The caretaker Cabinet in the Netherlands has agreed to modify the mandatory nightly curfew by moving up the start time from 9 p.m. to 10 p.m. as of Wednesday, March 31. Dutch Prime Minister Mark Rutte will announce the change during his press conference Tuesday night with Health Minister Hugo de Jonge, broadcaster NOS reported.

The curfew will still end at 4:30 a.m., the Cabinet decided during a briefing on the coronavirus situation in the country and public policy regarding the Dutch pandemic response. By sliding the curfew forward an hour, it will give people more opportunity to take advantage enjoy the increasing daylight, particularly as the clocks in the Netherlands also move up an hour on Sunday morning.

It is a concession from Rutte and the Cabinet. During a debate in Parliament to win political support for the curfew, Rutte said the curfew had to start during a window from 8 p.m. to 9 p.m. He said at the time that starting the curfew any later would dramatically reduce the effectiveness of the measure.

The issue was brought to the forefront by mayors who attended the meeting of the Security Council on Monday night. "People will want to go outside and that will place greater pressure on enforcement," said Hubert Bruls to ANP after the meeting. He is the Chair of the Security Council and also the Mayor of Nijmegen.

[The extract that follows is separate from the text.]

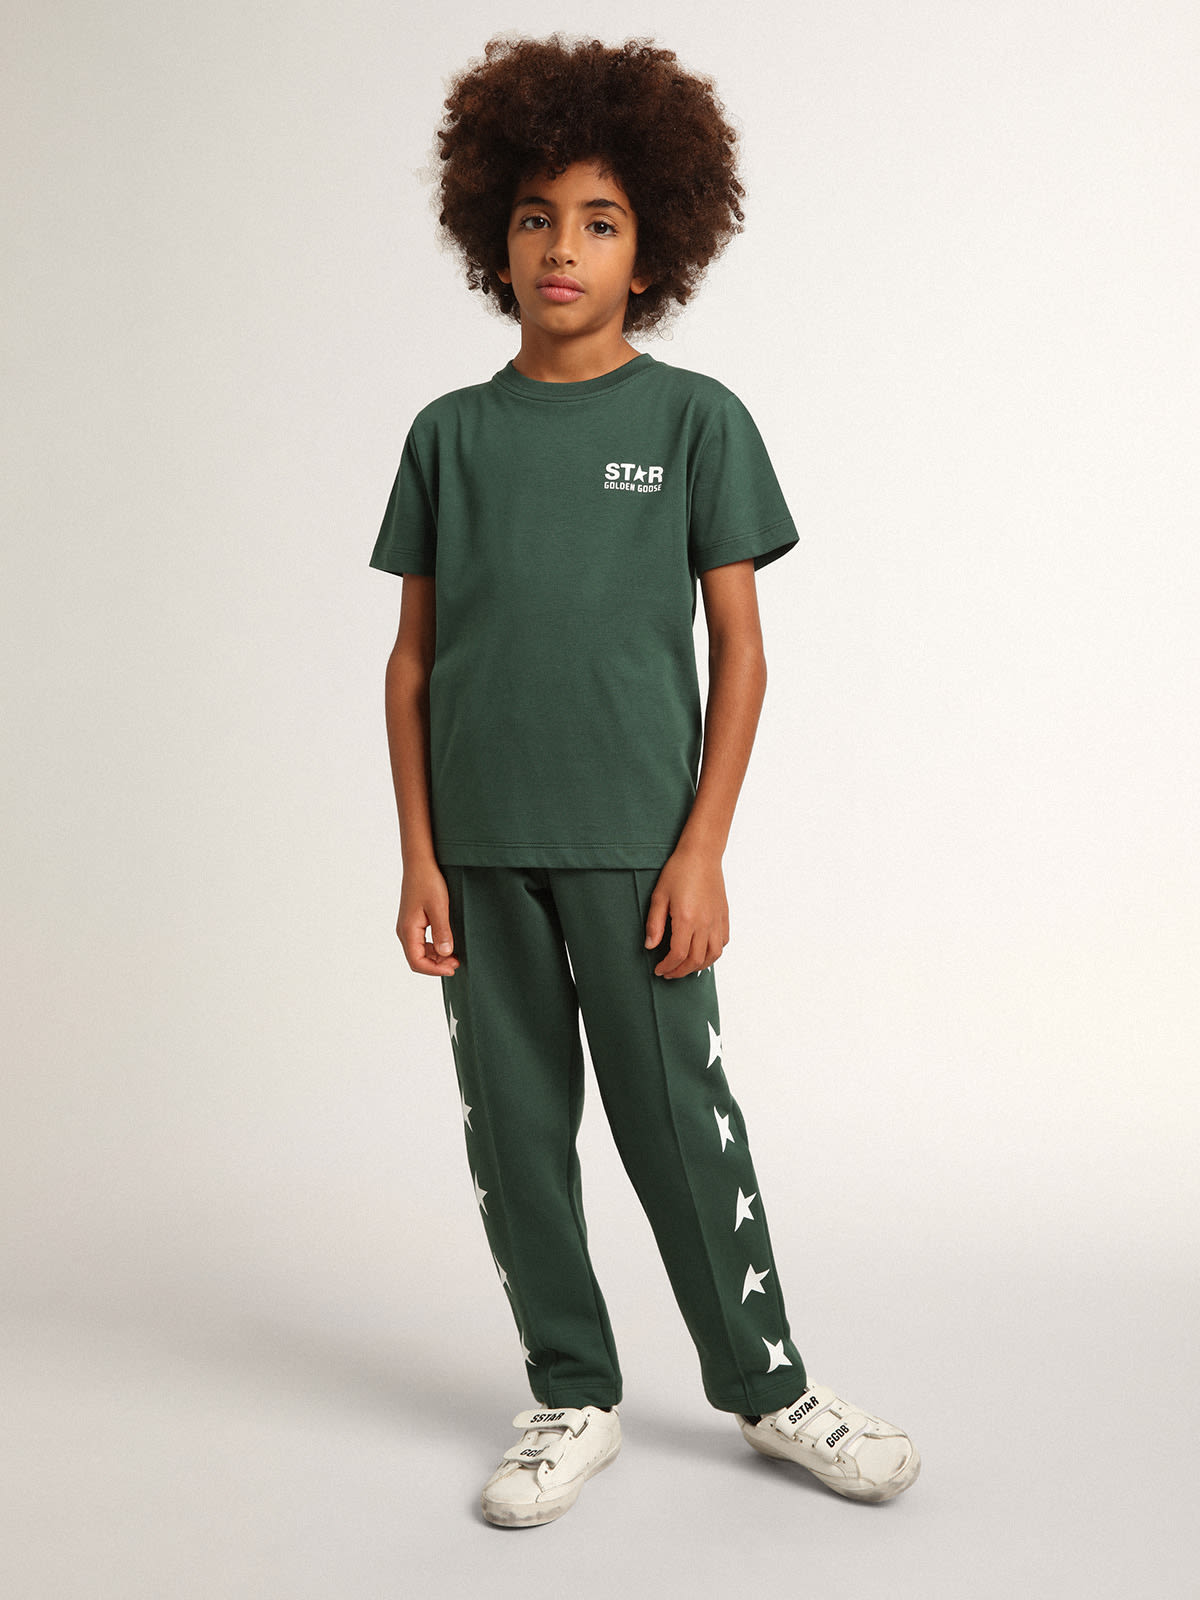 Golden Goose - Bright-green Star Collection jogging pants with contrasting white stars in

Other mayors also raised the issue that Ramadan will begin in a few weeks. Those who observe the religious practice are to fast every day from sunrise to sunset. The sun will go down in the Netherlands after 9 p.m. from April 28. Refusing to adapt the curfew would make the situation “very complicated” for Muslims, said Rotterdam Mayor Ahmed Aboutaleb to NOS.

Even with the changing curfew hours, the country will not use the extra 60 minutes to vaccinate more people. “We cannot vaccinate more people with an extra hour for injections. There are not enough vaccines available for that,” a spokesperson for municipal health service GGD GHOR told the ANP newswire.

The association of family doctors, LHV, also agreed. General practitioners typically vaccinate people on weekdays after 5 p.m. when their offices close, and during the daytime on Saturdays. “So far we have no problem completing all injection appointments at those times. We don't need an extra hour.”